Errata A edição nº 13 do Notícias do São Francisco (dezembro/2013), nas páginas 4 e 5, veiculou uma informação equivocada a respeito da exploração do gás de xisto. Diferentemente do que foi escrito, o gás de xisto não pode ser extraído de aquífero, podendo ser encontrado em formações de xisto argiloso. O produto vem se tornando uma fonte de gás natural nos Estados Unidos, vetado em países como França e Bulgária, e sua exploração está em discussão junto ao governo brasileiro. No final de novembro do ano passado, o governo chegou a autorizar o leilão de 240 blocos exploratórios terrestres com potencial para gás natural. Divididas em sete bacias sedimentares, os blocos estão
nos estados do Amazonas, Acre, Tocantins, Alagoas, Sergipe, Piauí, Mato Grosso, Goiás, Bahia, Maranhão, Paraná e São Paulo, num total de 168.348,42 Km². O presidente do Comitê da Bacia Hidrográfica do Rio São Francisco (CBHSF), Anivaldo Miranda, ressalta que o colegiado vê com ressalvas a exploração do produto. “As notícias que chegam dos Estados Unidos nos deixam preocupados, devido à técnica utilizada para extração do gás de xisto, a qual pode provocar contaminação das águas. E quando isso acontece, é um dano irreversível. Em acontecendo, quem irá arcar com o prejuízo?”, questiona, concluindo que “o Comitê é contrário a essa prática da exploração”.

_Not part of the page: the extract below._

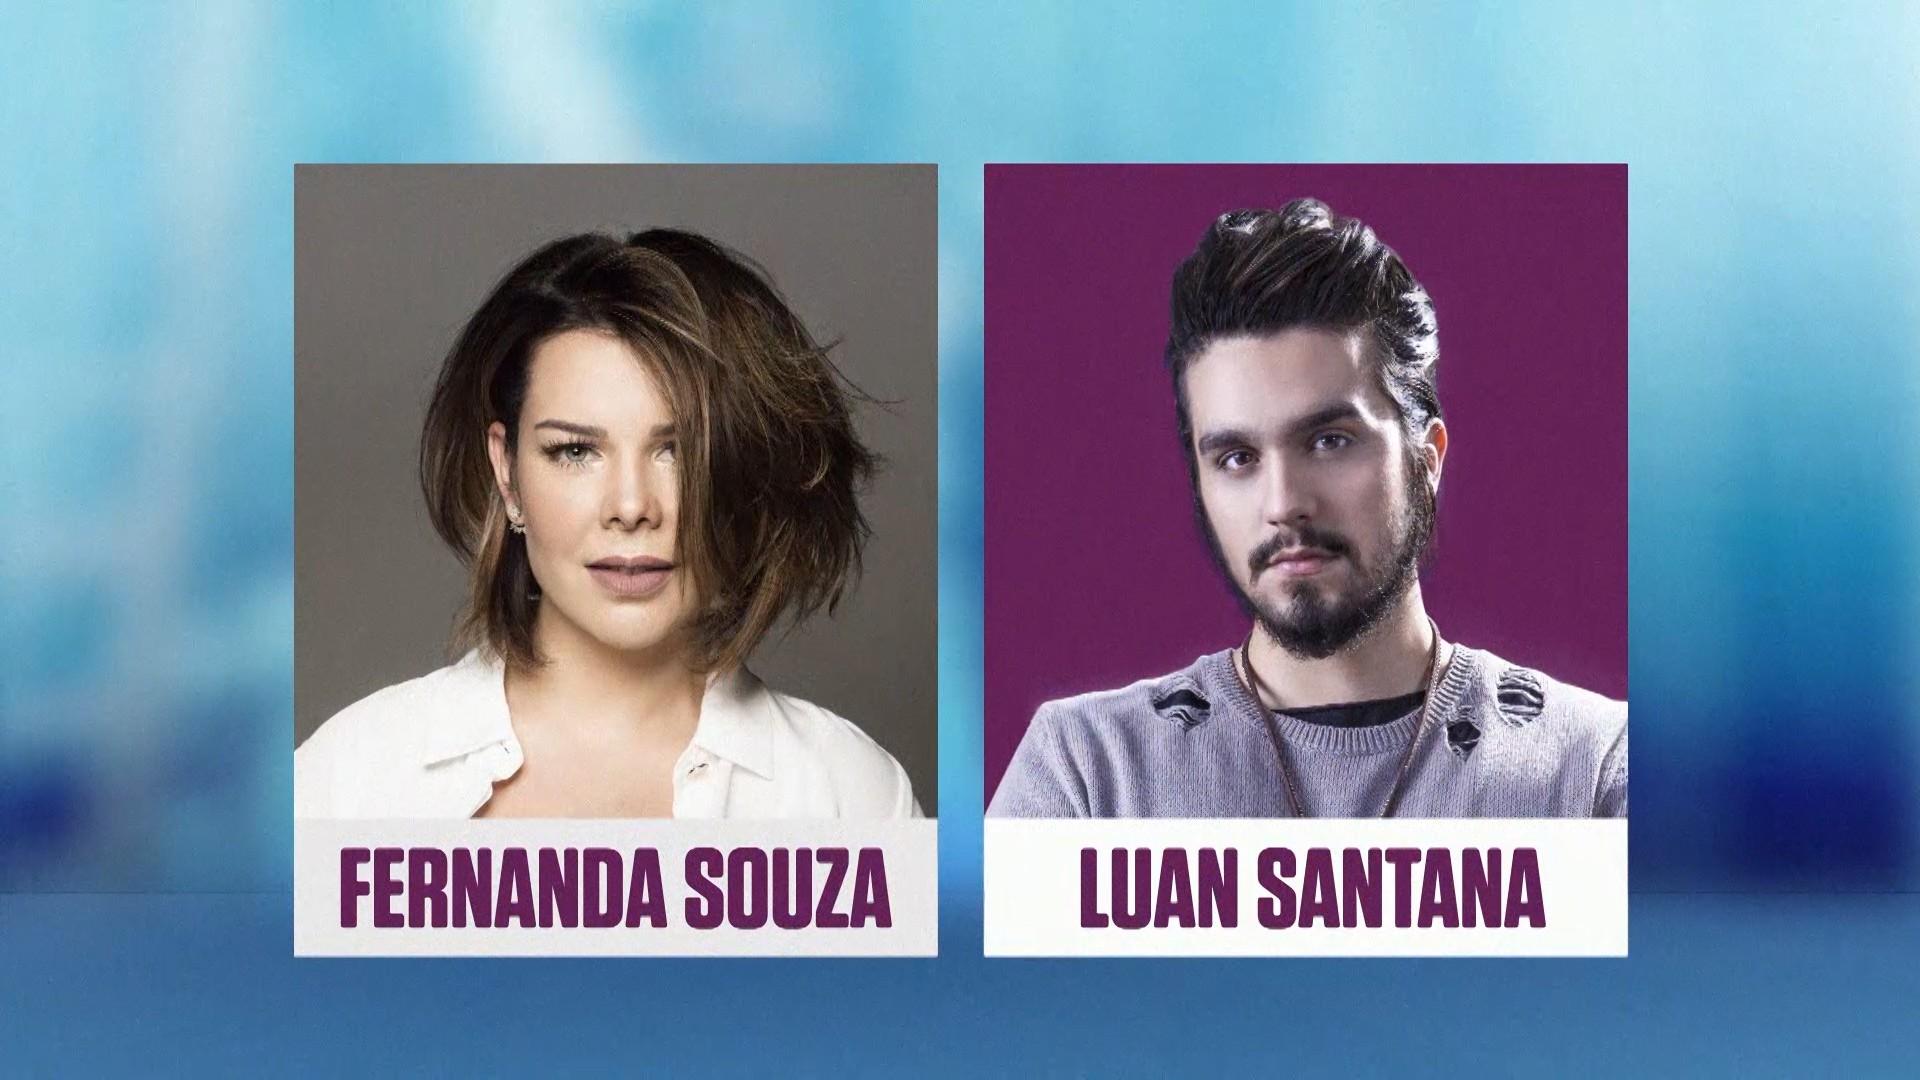 Com Luan Santana e Fernanda Souza no comando, o STocaTop estreia nesta sexta (13) no Multishow (Foto: Divulgao)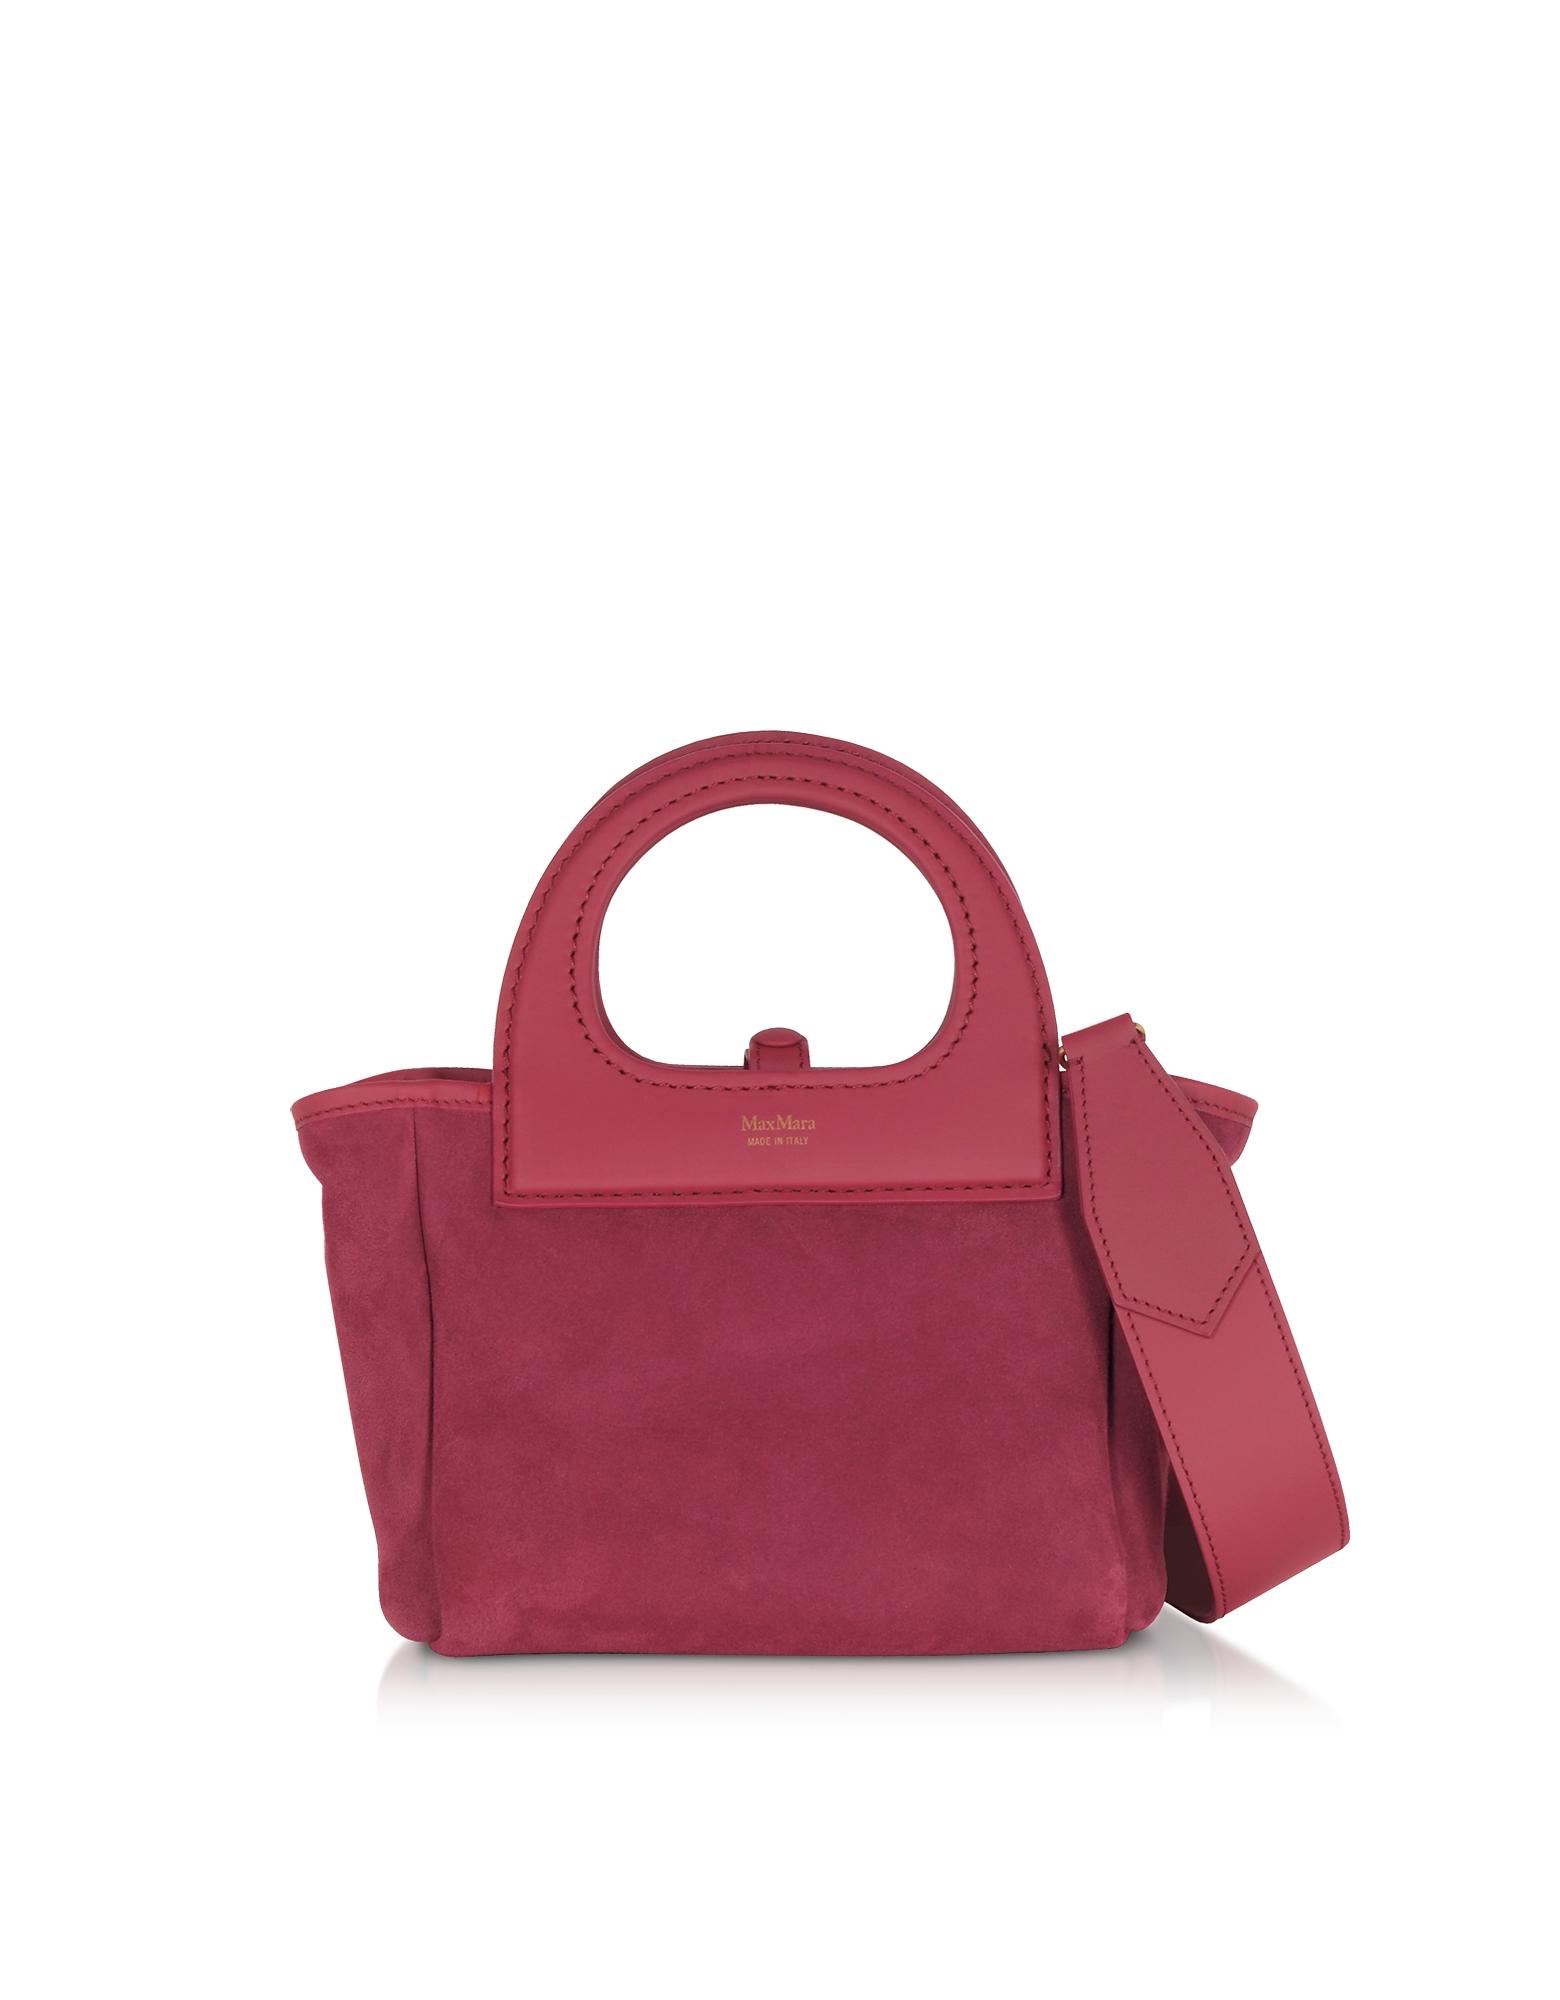 Max Mara Designer Handbags, Two-Tone Reversible Nano Top Handle Bag

Produzido pela Assessoria de Comunicação do CBHSF imprensa@cbhsaofrancisco.org.br www.cbhsaofrancisco.org.br
Coordenação geral: Malu Follador Projeto gráfico e diagramação: CDLJ Publicidade Edição: Antonio Moreno Textos: Antônio Moreno, Ricardo Coelho, Delane Barros e Wilton Mercês. Fotos: Wilton Mercês, Leonardo Ariel, Ricardo Coelho, Arquivo Icoforte.
Este jornal é um produto do Programa de Comunicação do CBHSF Contrato nº 07/2012 — Contrato de Gestão nº 014/ANA/2010— Ato Convocatório nº 043/2011. Direitos Reservados. Permitido o uso das informações desde que citada a fonte.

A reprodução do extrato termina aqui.